A partir du texte légal, quatre situations doivent être distinguées. D'abord, le cas où le conducteur n'a pas "compromis la sécurité de la route ou incommodé le public", pour lequel l'autorité n'ordonnera aucune mesure administrative. Deuxièmement, le cas de peu de gravité (art. 16 al. 2 2ème phrase LCR), pour lequel l'autorité donnera un avertissement. En troisième lieu, le cas de gravité moyenne (art. 16 al. 2 1ère phrase LCR), pour lequel l'autorité doit retirer le permis de conduire; elle ne peut s'en abstenir qu'en présence de circonstances spéciales, telles que celles qui justifient d'abandonner toute peine en application de l'art. 66bis CP (ATF 126 II 202 consid. 1a p. 203/204, 196 consid. 2c p. 200/201). Enfin, le cas grave, qui implique le retrait du permis de conduire en application de l'art. 16 al. 3 let. a LCR.

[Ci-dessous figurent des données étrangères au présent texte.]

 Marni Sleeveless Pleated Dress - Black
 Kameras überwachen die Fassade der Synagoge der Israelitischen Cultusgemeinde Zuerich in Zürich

Selon la jurisprudence, celui qui dépasse de 30 km/h ou plus la vitesse maximale générale de 80 km/h autorisée hors des localités commet objectivement, c'est-à-dire sans égard aux circonstances concrètes, une infraction grave aux règles de la circulation impliquant un retrait en vertu de l'art. 16 al. 3 let. a LCR; lorsque la vitesse maximale précitée est dépassée de 26 à 29 km/h, il y a lieu d'admettre qu'il s'agit objectivement d'un cas de gravité moyenne au moins, pour lequel un retrait doit en principe être prononcé en vertu de l'art. 16 al. 2 1ère phrase LCR (ATF 124 II 259 con-sid. 2c p. 263). A l'intérieur des localités, lorsque la vitesse maximale générale de 50 km/h autorisée est dépassée de 25 km/h et plus, le cas est objectivement grave et implique un retrait du permis selon l'art. 16 al. 3 let. a LCR; pour un dépassement de 21 à 24 km/h, le cas est objectivement de gravité moyenne, ce qui doit en principe entraîner le retrait du permis de conduire en application de l'art. 16 al. 2 1ère phrase LCR (ATF 126 II 202 consid. 1a p. 204, 196 consid. 2a p. 199; 124 II 475 consid. 2a p. 478).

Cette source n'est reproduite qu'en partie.